Activity: Output, exactly and with no pictures, the line that contains "杯子 里 著名 建筑 咖啡杯" and every line that comes after it in the data below, the last one included.

Information shown:
§ §

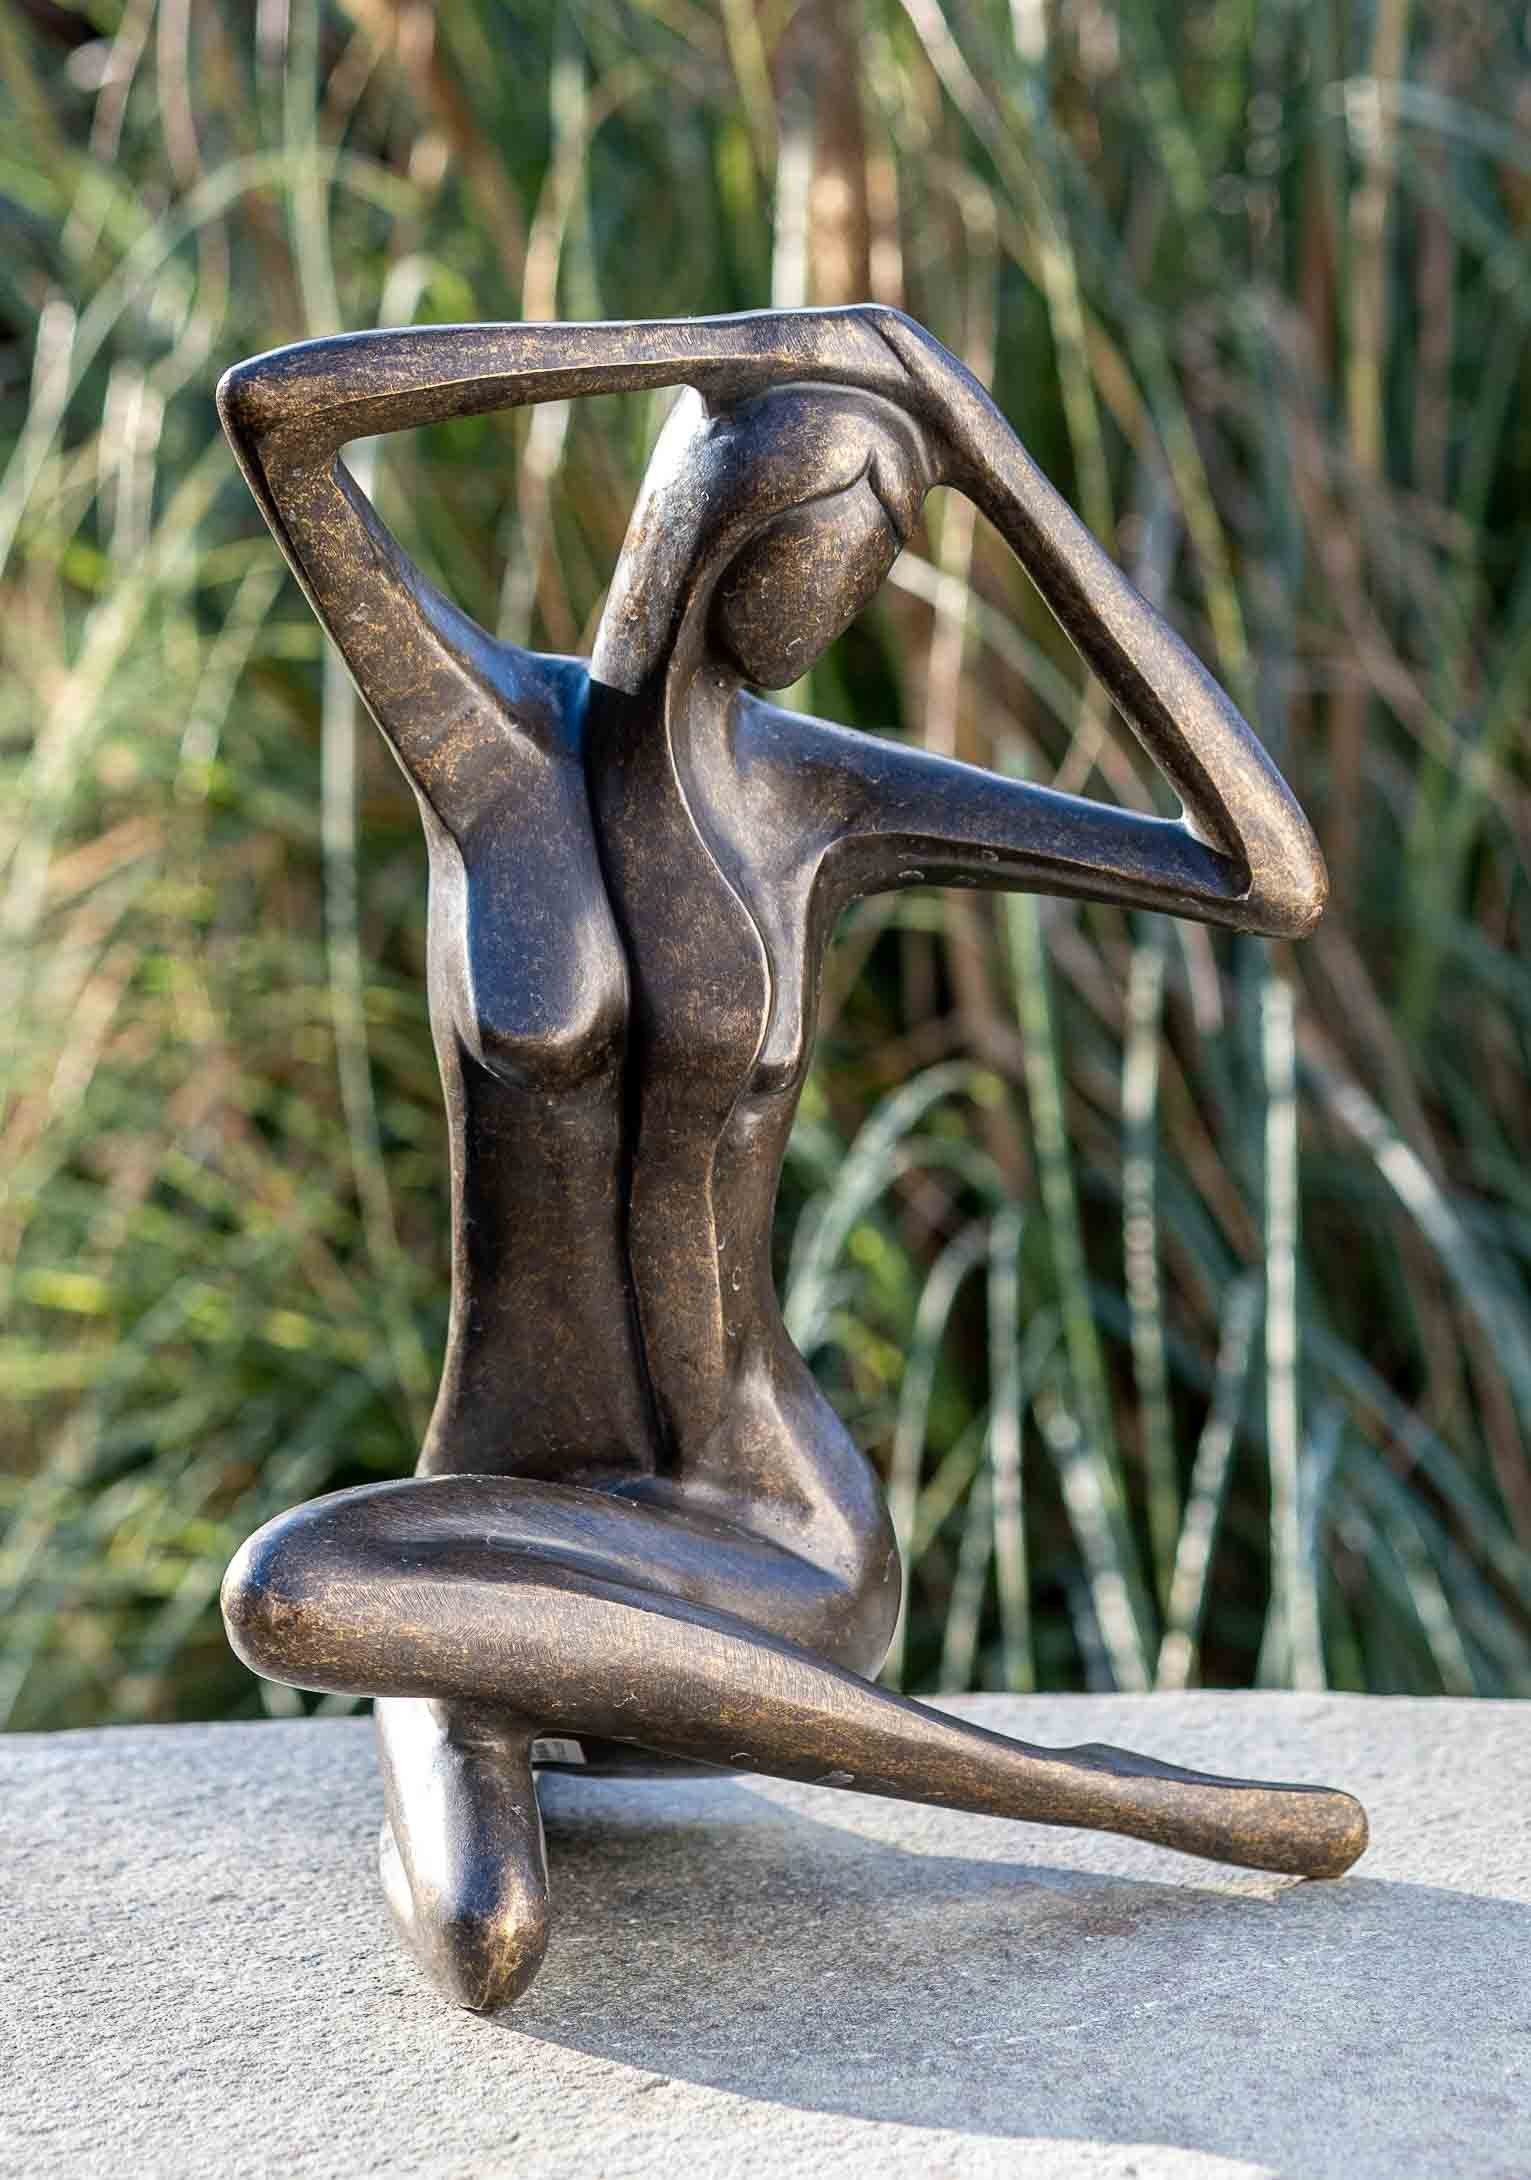 – Gartenfigur Sitzende Langlebig gegen IDYL Hand gegossen IDYL sehr witterungsbeständig Frost, Bronze-Skulptur und – und robust Bronze UV-Strahlung. Modelle von in in werden Bronze Frau, Wachsausschmelzverfahren patiniert. Die Regen –
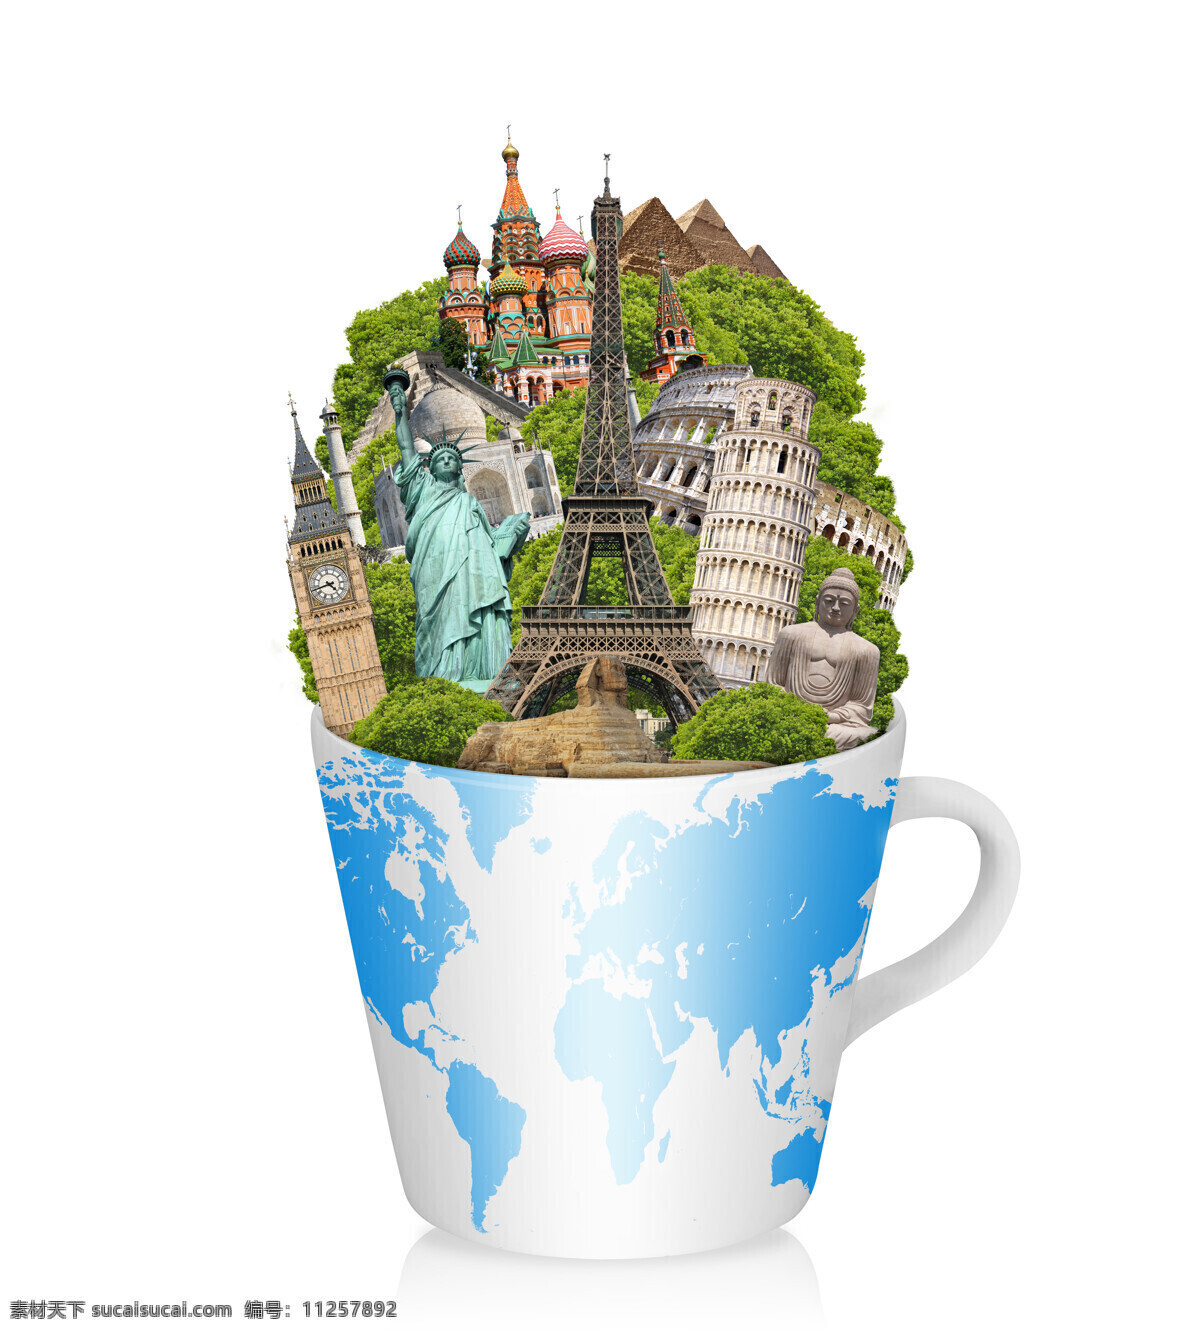 杯子 里 著名 建筑 咖啡杯 金字塔 自由女神 巴黎埃菲尔塔 世界旅行 建筑风景 世界著名建筑 风景名胜 旅游景点 其他类别 生活百科
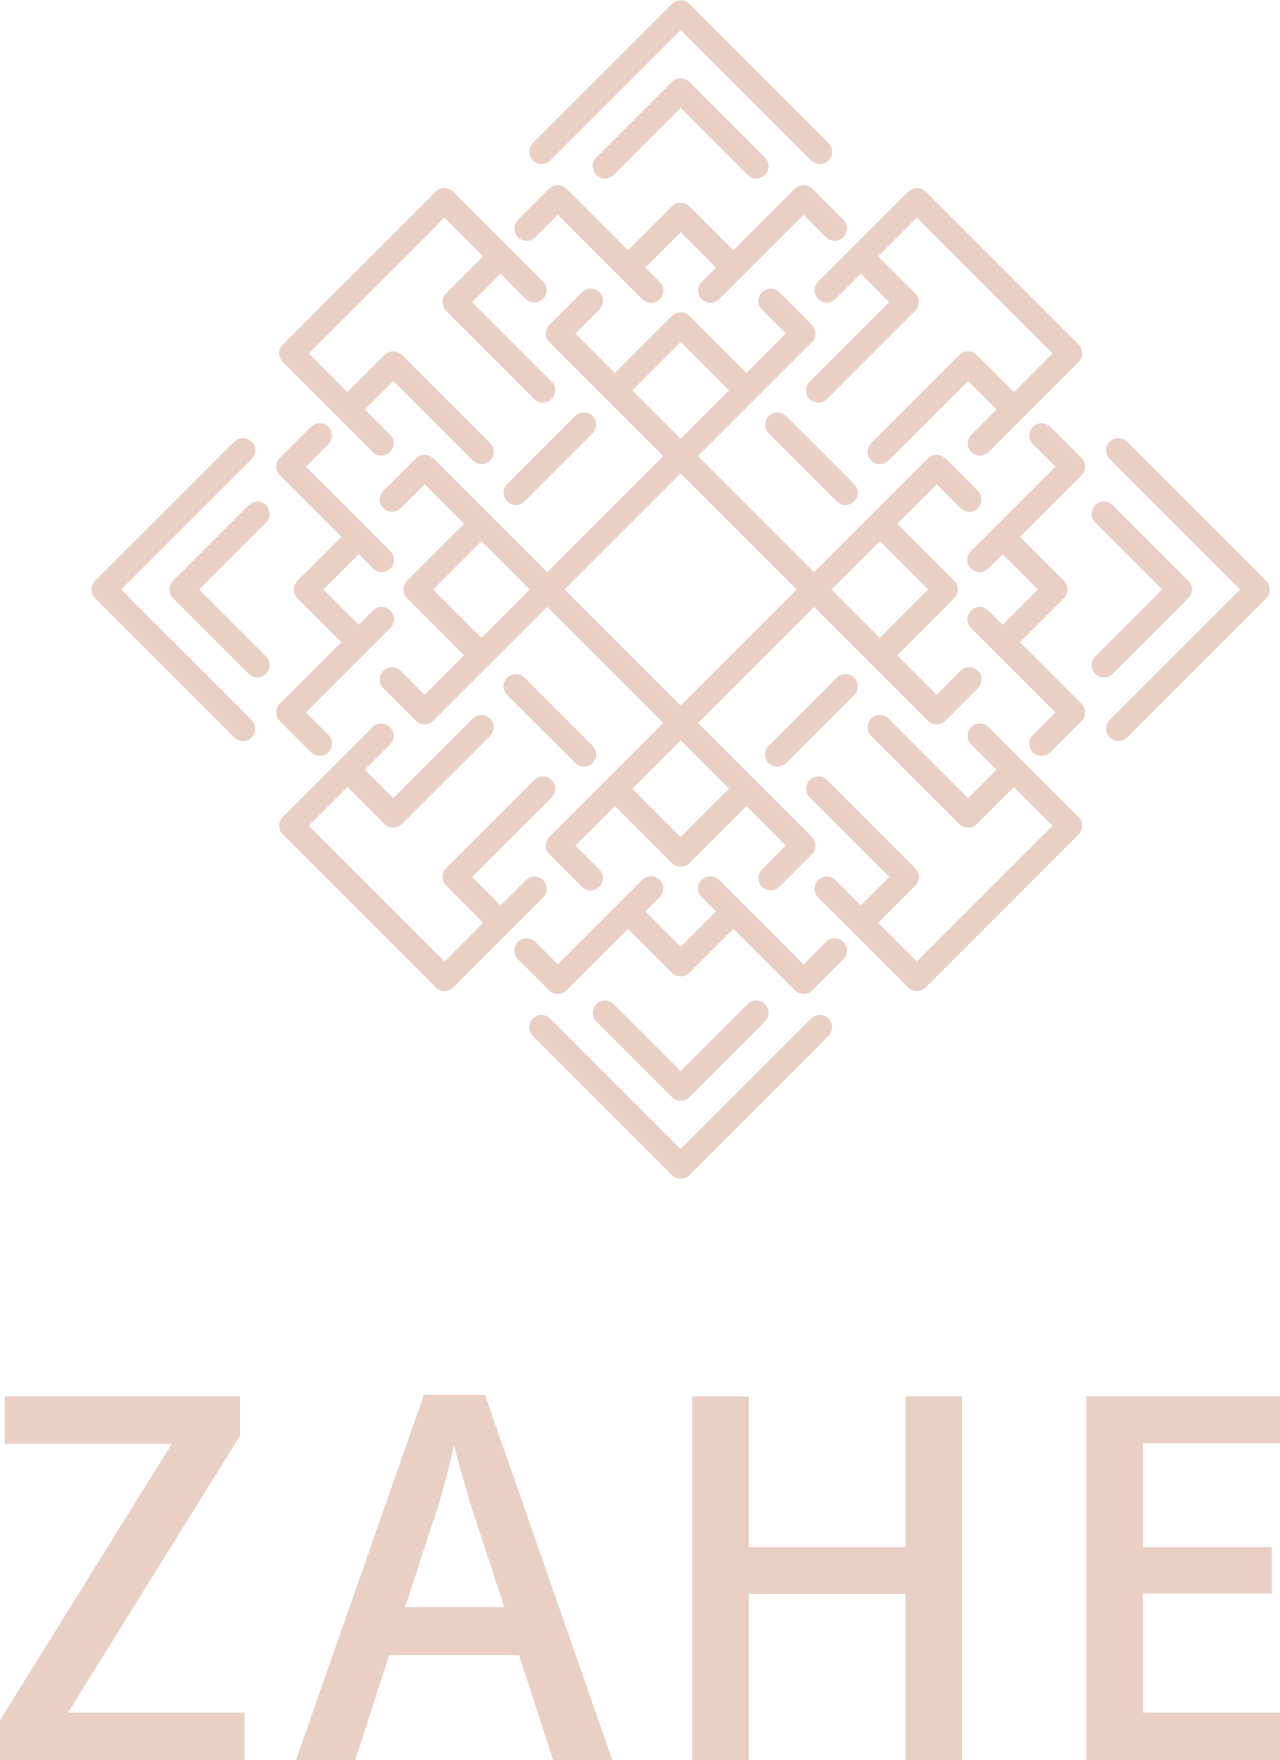 Zahe's web page

§ §

Output below:
 杯子 里 著名 建筑 咖啡杯 金字塔 自由女神 巴黎埃菲尔塔 世界旅行 建筑风景 世界著名建筑 风景名胜 旅游景点 其他类别 生活百科
 Zahe's web page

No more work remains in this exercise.